Automated Memoization for Parameter Studies Implemented in Impure Languages

  author = {Stoffers, Mirko and Schemmel, Daniel and Soria Dustmann, Oscar and Wehrle, Klaus},
  title = {Automated {{Memoization}} for {{Parameter}} {{Studies}} {{Implemented}} in {{Impure}} {{Languages}}},
  booktitle = {{{ACM}} {{SIGSIM}} {{Conference}} on {{Principles}} of {{Advanced}} {{Discrete}} {{Simulation}} {{(PADS}} 2016)},
  location = {Banff, AB, Canada},
  pages = {221--232},
  year = {2016},
  doi = {10.1145/2901378.2901386},

In computer simulations many processes are highly repetitive. These repetitions are amplified further when a parameter study is conducted where the same model is repeatedly executed with varying parameters, especially when performing multiple runs to increase statistical confidence. Inevitably, such repetitions result in the execution of identical computations, with identical code, identical input, and hence identical output. Performing computations redundantly wastes resources and the execution time of a parameter study could be reduced if the redundancies were avoided.

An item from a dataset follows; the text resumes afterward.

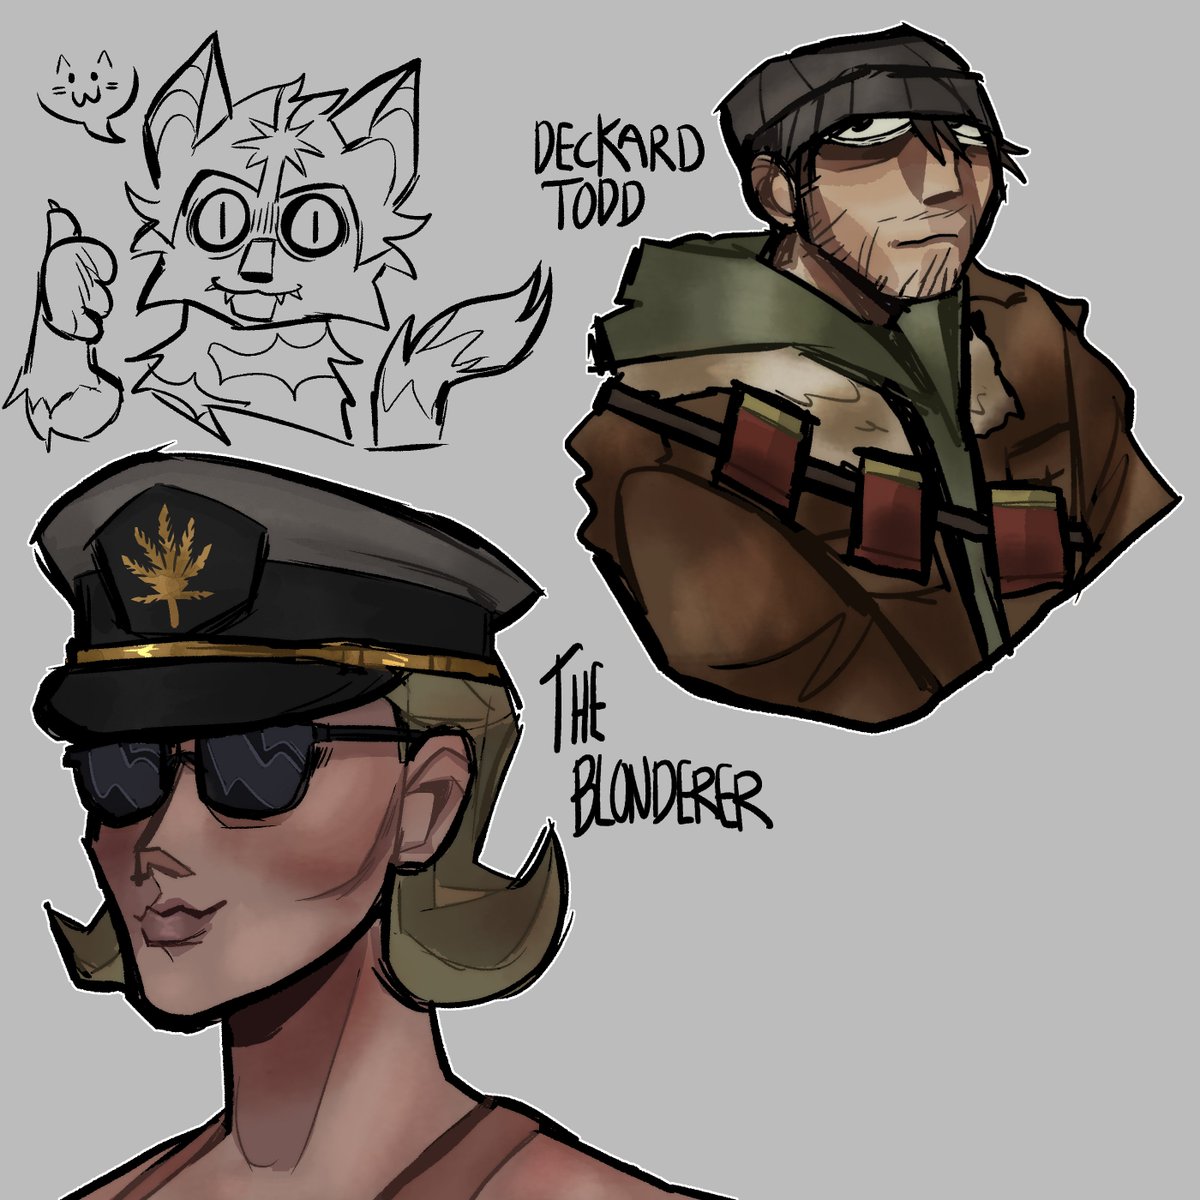 Big thank you to those who tuned in for my first (and very rough) stream!! We drew some Fallout OCs together ^_^

To this end, the idea of memoization was proposed decades ago. However, until today memoization is either performed manually or automated memoization approaches are used that can only handle pure functions. This means that only the function parameters and the return value may be input and output of the function whereas side effects are not allowed. In order to expand the scope of automated memoization to a larger class of programs, we propose an approach able to reliably detect the full input and output of a function, including reading and writing objects through arbitrarily indirect pointers with some preconditions. We show the feasibility of our approach and derive simple performance approximations enabling rough predictions of the expected benefit. By means of a simple case study performing an OFDM network simulation, we demonstrate the practical suitability of our approach, speeding up the execution of the whole parameter study by a factor of 75, while only doubling memory consumption.